Java class reference

The complete set of classes of the BCL Java interface is summarized in the following list. For a detailed documentation of the Java interface the reader is referred to the BCL Javadoc that is part of the Xpress distribution (located in subdirectory docs/bcl/dhtml/javadoc of the Xpress installation directory).

XPRB

Initialization and general settings, definition of all parameters.

XPRBprob

Problem definition, including methods for creating and deleting the modeling objects, problem solving, changing settings, and retrieving solution information.

XPRBvar

Methods for modifying and accessing variables.

XPRBctr

Methods for constructing, modifying and accessing constraints.

XPRBcut

Methods for constructing, modifying and accessing cuts.

XPRBsol

Methods for constructing, modifying and accessing solutions.

XPRBsos

Methods for constructing, modifying and accessing Special Ordered Sets.

XPRBindexSet

Methods for constructing and accessing index sets and accessing set elements.

XPRBbasis

Methods for accessing bases.

XPRBexpr

Methods for constructing linear and quadratic expressions.

XPRBrelation

Methods for constructing linear or quadratic relations from expressions (extends XPRBexpr).

XPRBerror

Exception raised by BCL errors (extends Error).

XPRBlicenseError

Exception raised by BCL licensing errors (extends XPRBerror).

XPRBlicense

For OEM licensing.

All Java classes that have a direct correspondence with modeling objects in BCL (namely XPRBprob, XPRBvar, XPRBctr, XPRBcut, XPRBsol, XPRBsos, XPRBindexSet, XPRBbasis) take the same names, with the exception of XPRBindexSet. It is possible to obtain the Xpress Optimizer problem corresponding to a BCL Java problem by using method getXPRSprob of class XPRBprob, please see Section Using the Optimizer with BCL Java for further detail on using BCL with the Optimizer library.

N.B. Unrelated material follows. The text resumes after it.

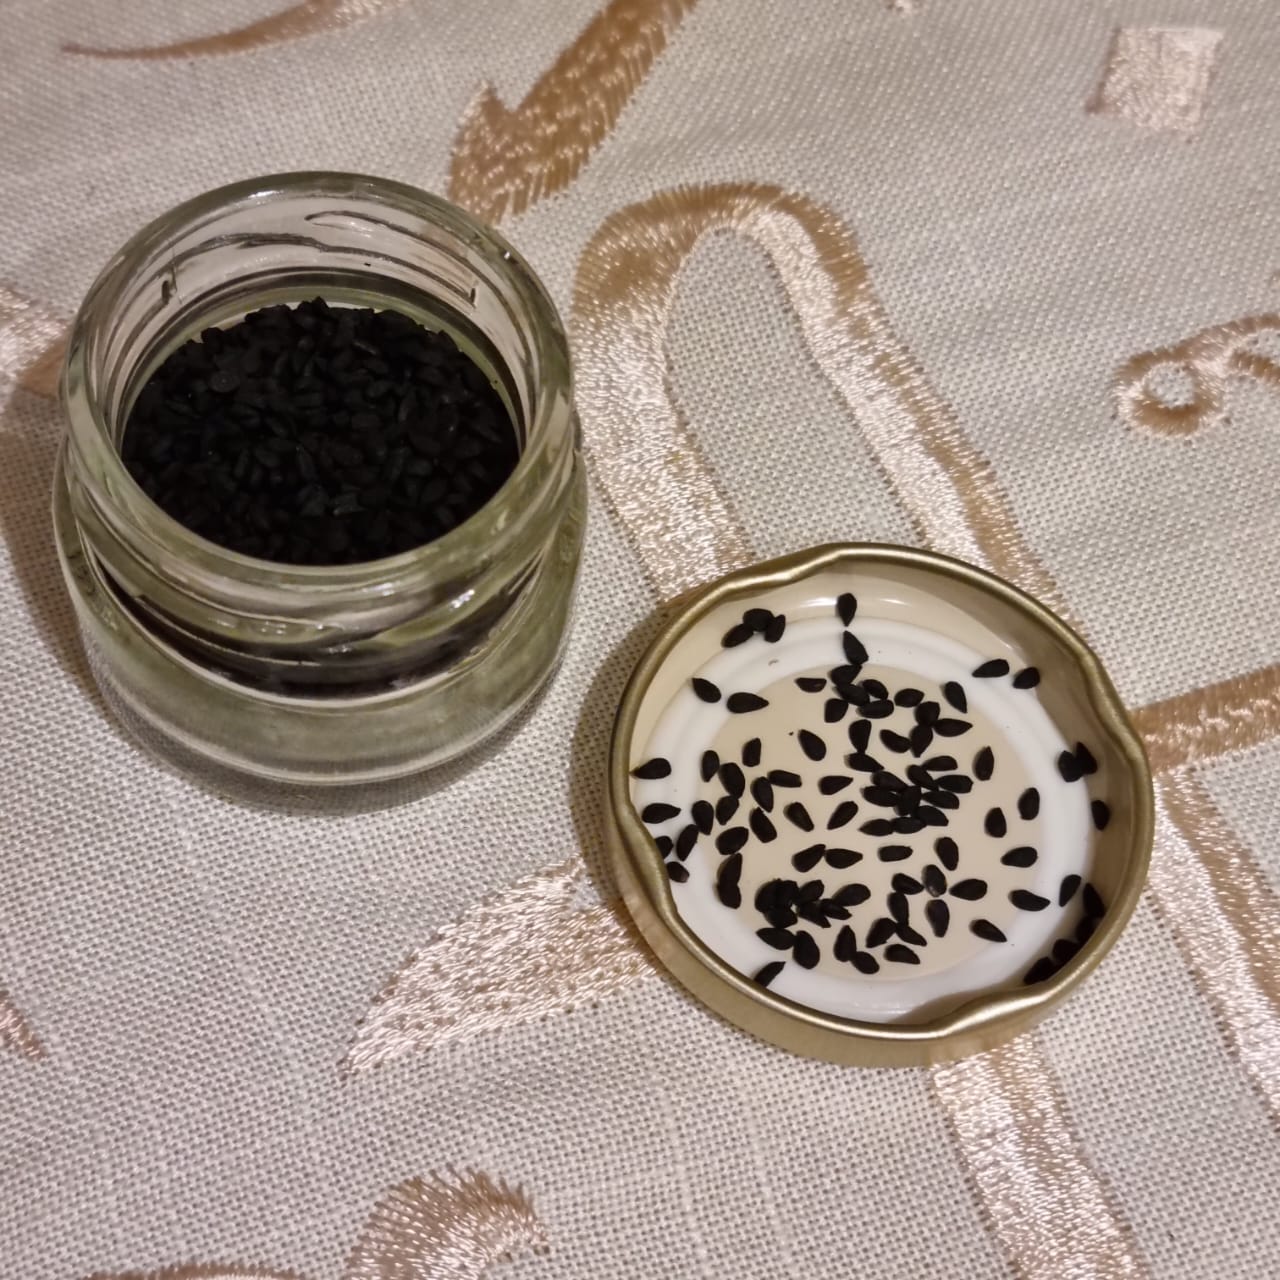 Kulinji (Black Seeds) 10g Glass Jar

Most of the methods of the classes with direct correspondence with C modeling objects call standard BCL C functions and return their result. Where the C functions return 0 or 1 to indicate success or failure of the execution of a function the Java methods have return type void, raising an exception if an error occurs.

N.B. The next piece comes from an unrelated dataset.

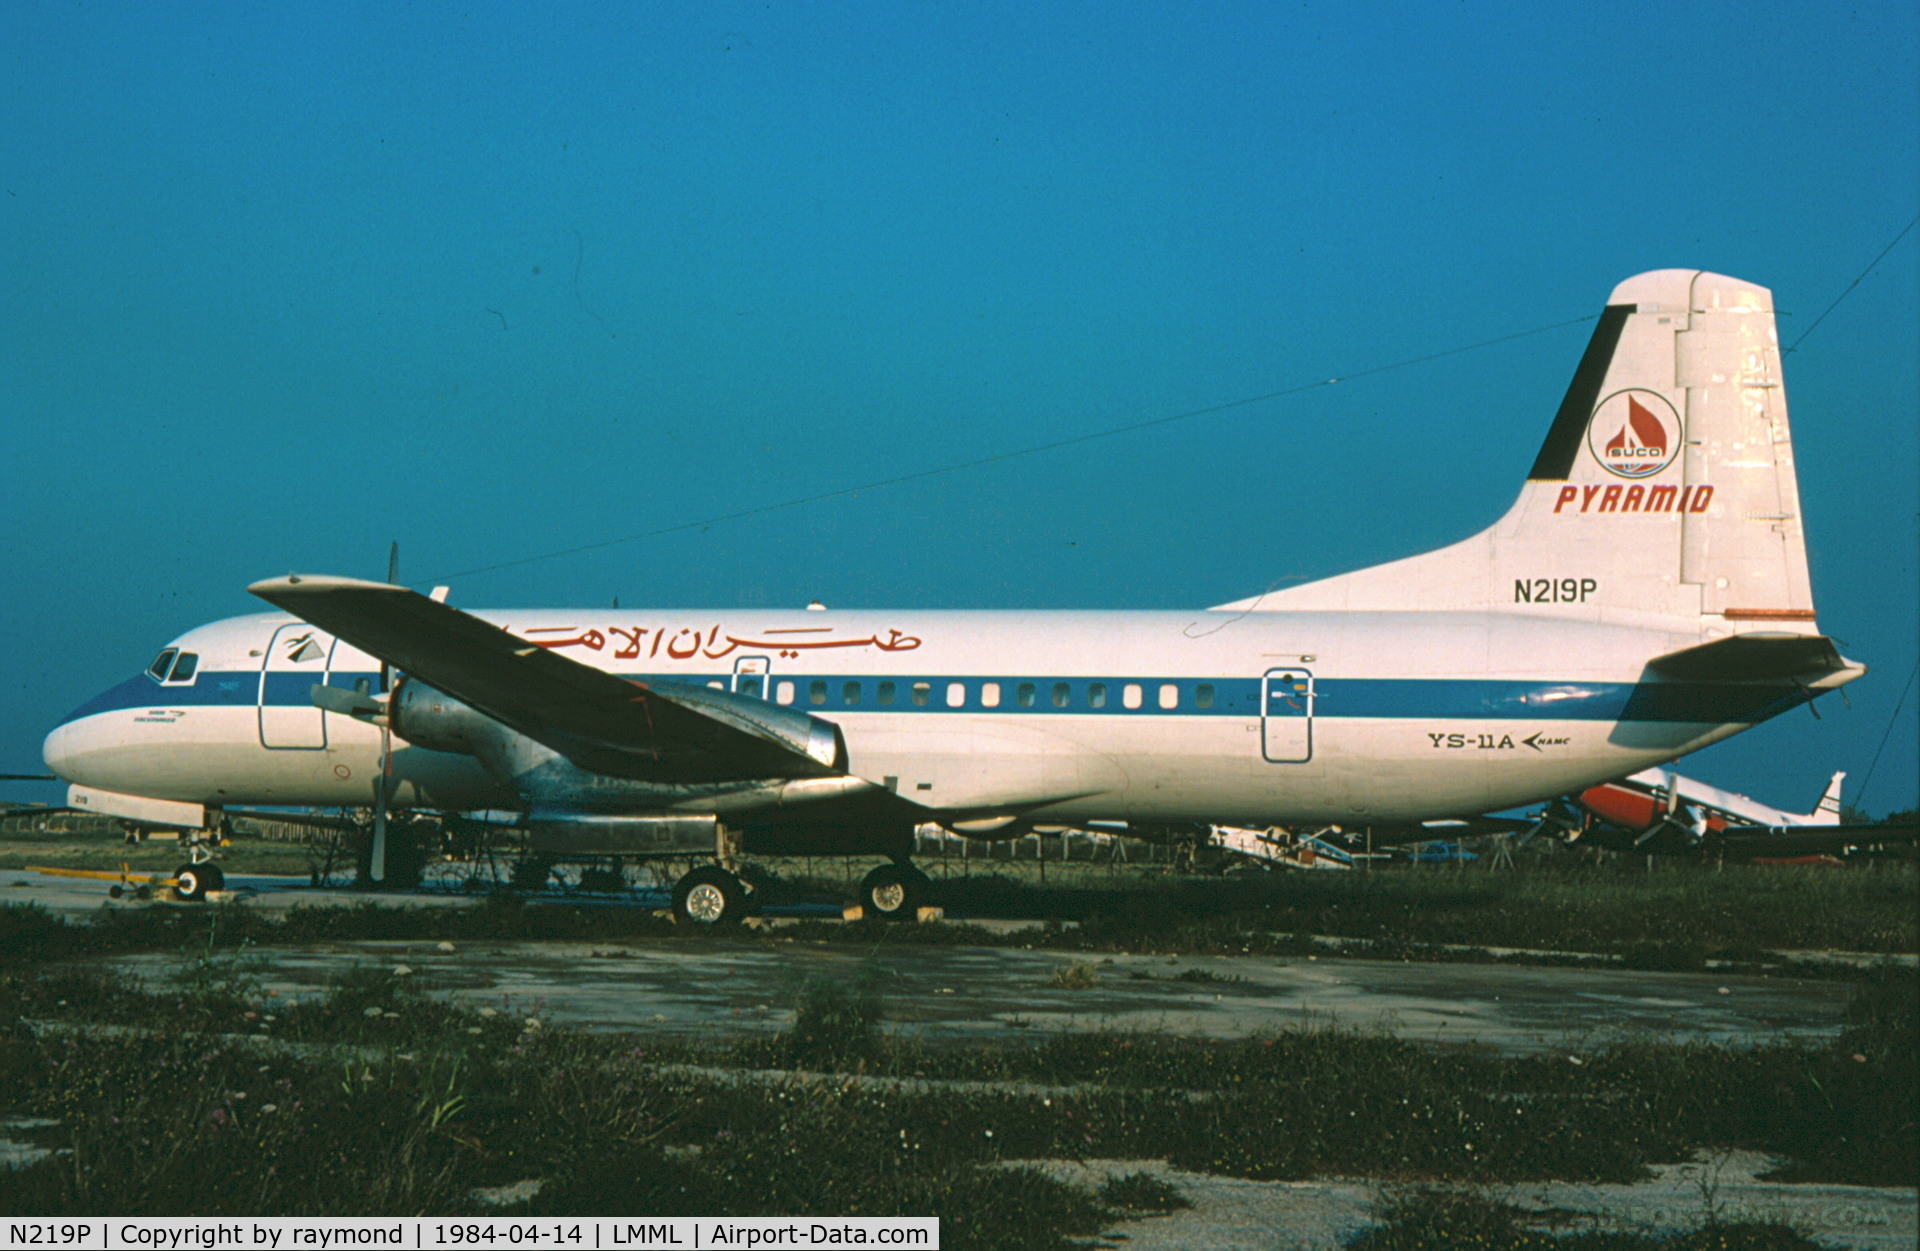 N219P, 1969 Nihon YS-11A-500 C/N 2109, YS11 N219P Pyramid Airlines

An important class that does not correspond to any standard BCL modeling object is class XPRB that contains methods relating to the initialization and the general status of the software and also the definition of all parameters. This means, any parameter with the prefix XPRB_ in standard BCL is referred to as a constant of the Java class XPRB. For example, XPRB_BV in standard BCL becomes XPRB.BV in Java.

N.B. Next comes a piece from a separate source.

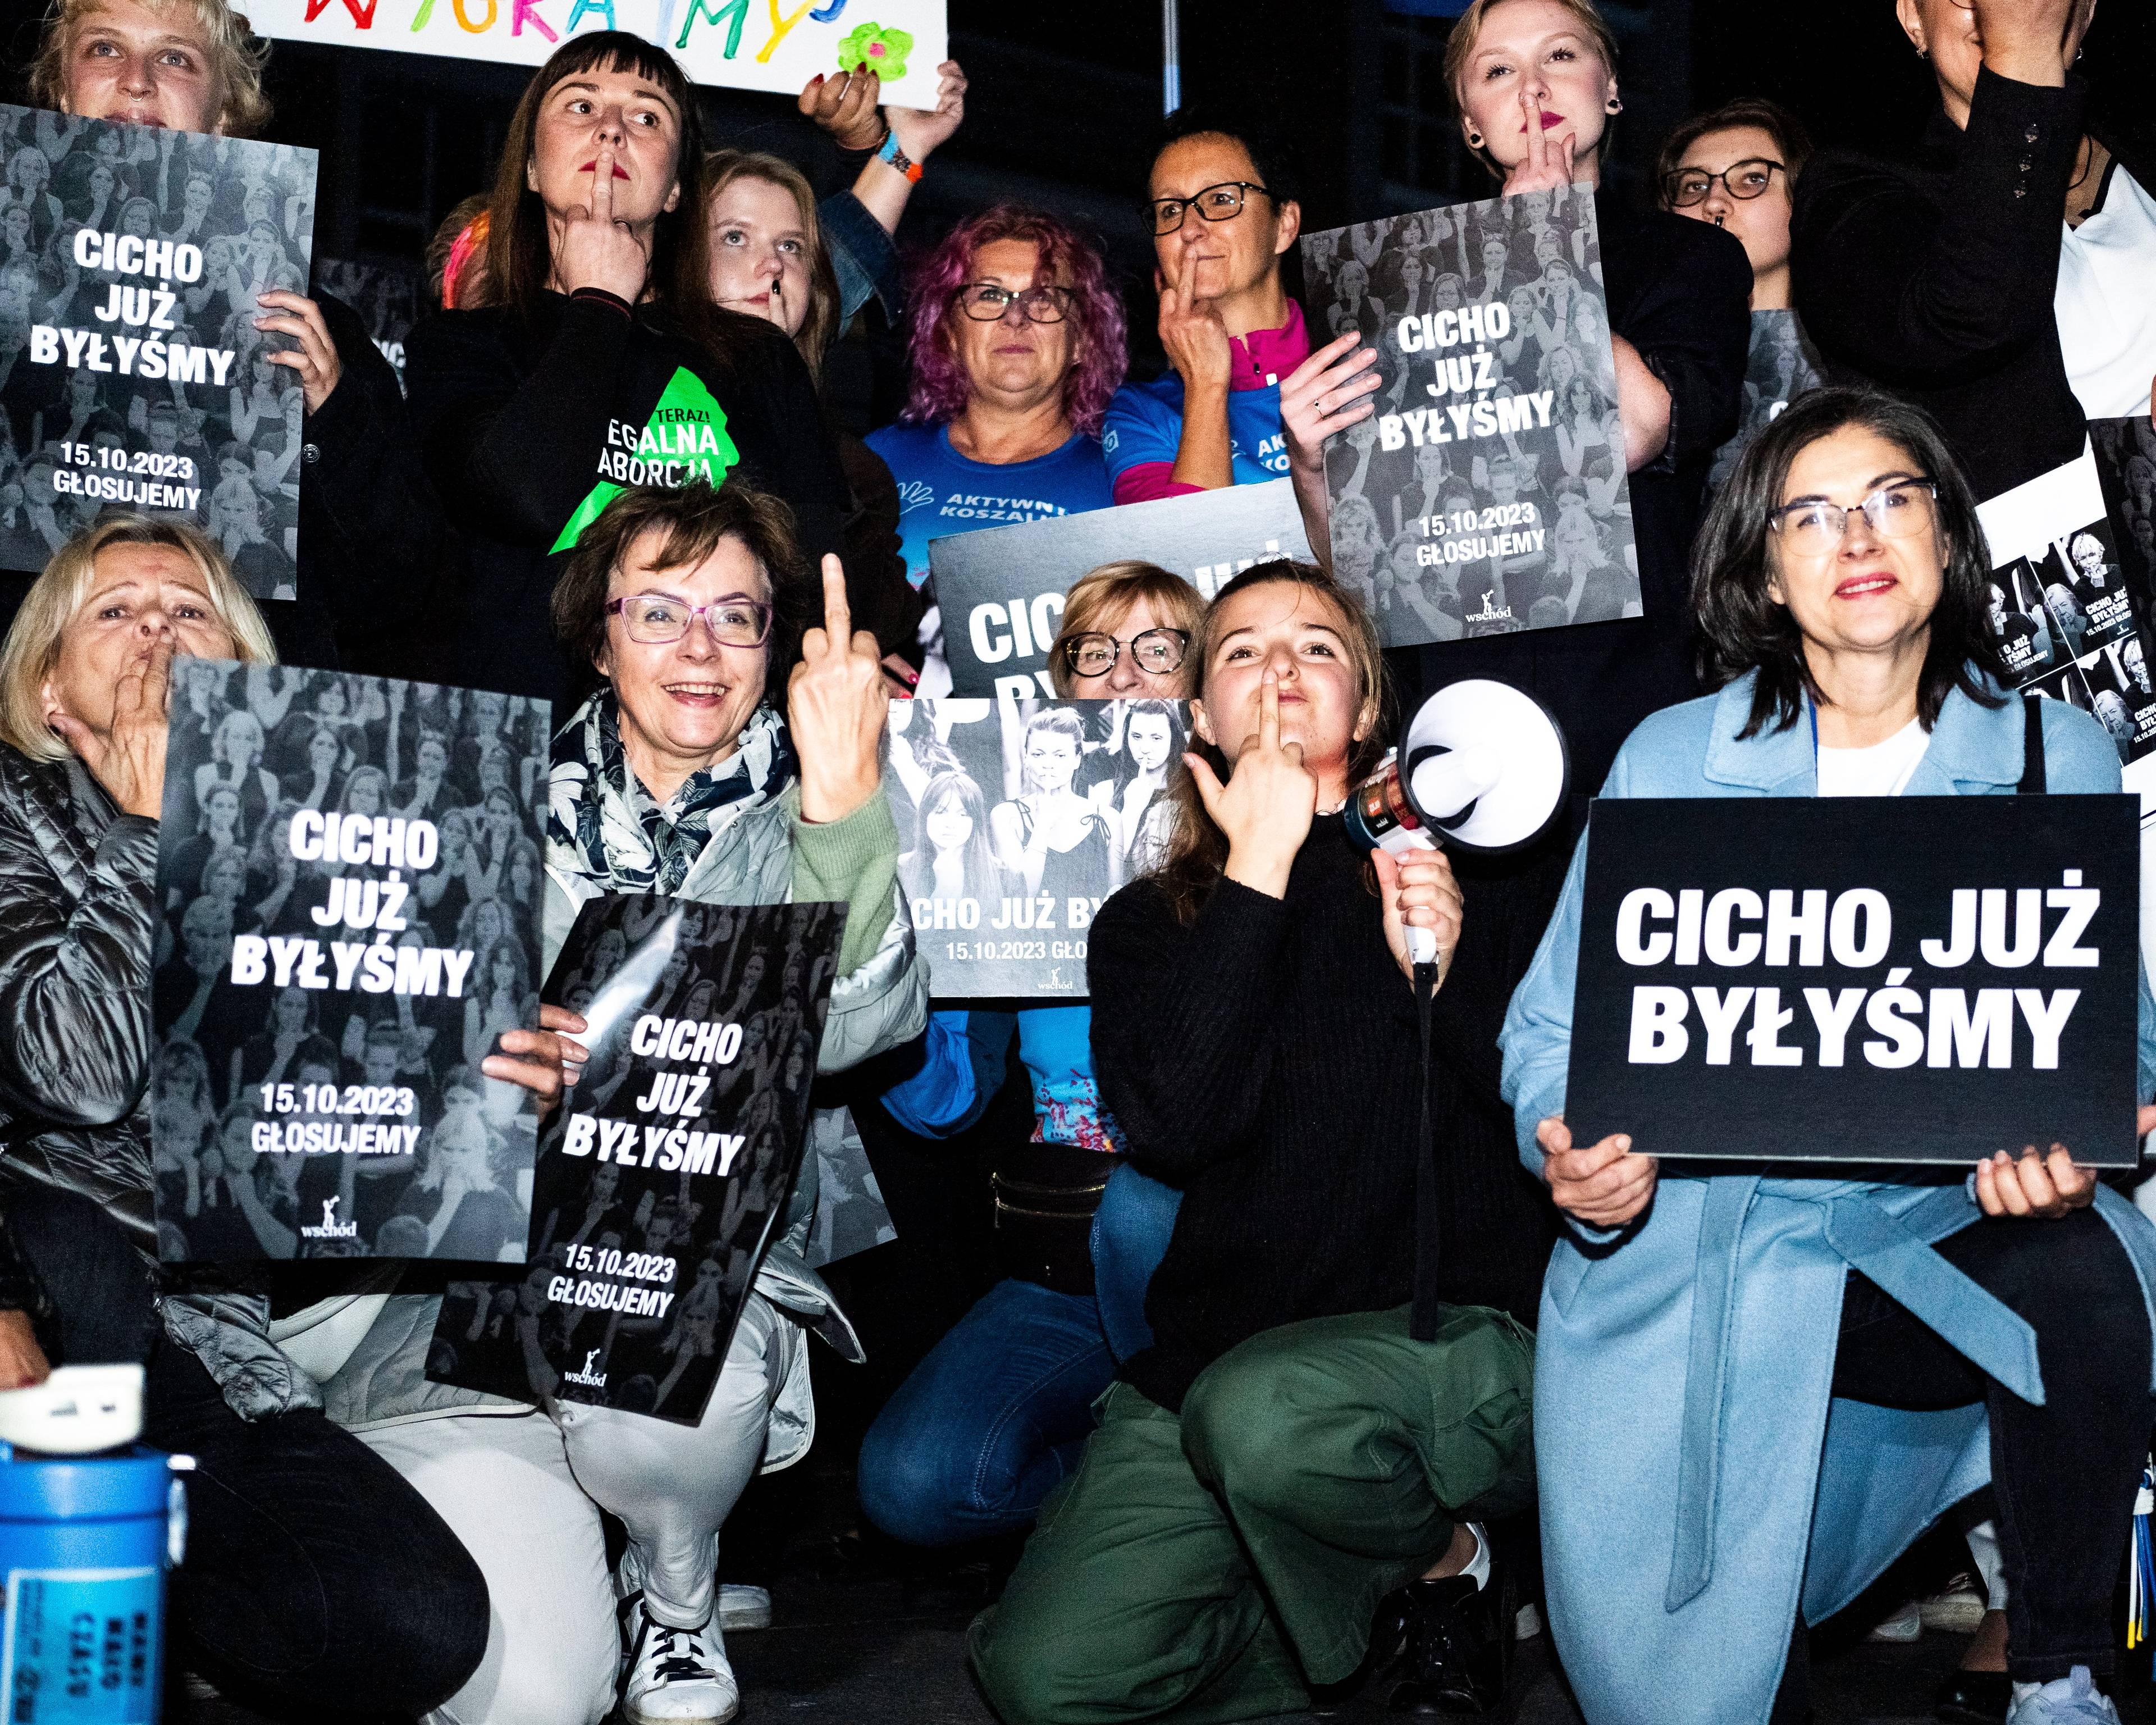 na zdjęciu grupa kobiet z banerami "Cicho to już byłyśmy"

In Java, it is not possible to overload operators as this is the case in the C++ interface; instead, a set of simple methods is provided, for example, add or eql that have been overloaded to accept various types and numbers of parameters. Some additional classes have been introduced to aid the termwise definition of constraints. Linear and quadratic expressions (class XPRBexpr) are required in the definition of constraints and Special Ordered Sets. Linear or quadratic relations (class XPRBrelation), may be used as an intermediary in the definition of constraints.

A few other additional classes are related to error handling and licensing, namely XPRBerror, XPRBlicense, and XPRBlicenseError (overloads XPRBerror). License errors are raised by the initialization of BCL, all other BCL errors are handled by exceptions of the type XPRBerror. Output functions involving file access (in particular matrix output with exportProb) may also generate exceptions of type IOException. The class XPRBlicense only serves for OEM licensing; for further detail please see the Xpress OEM licensing documentation.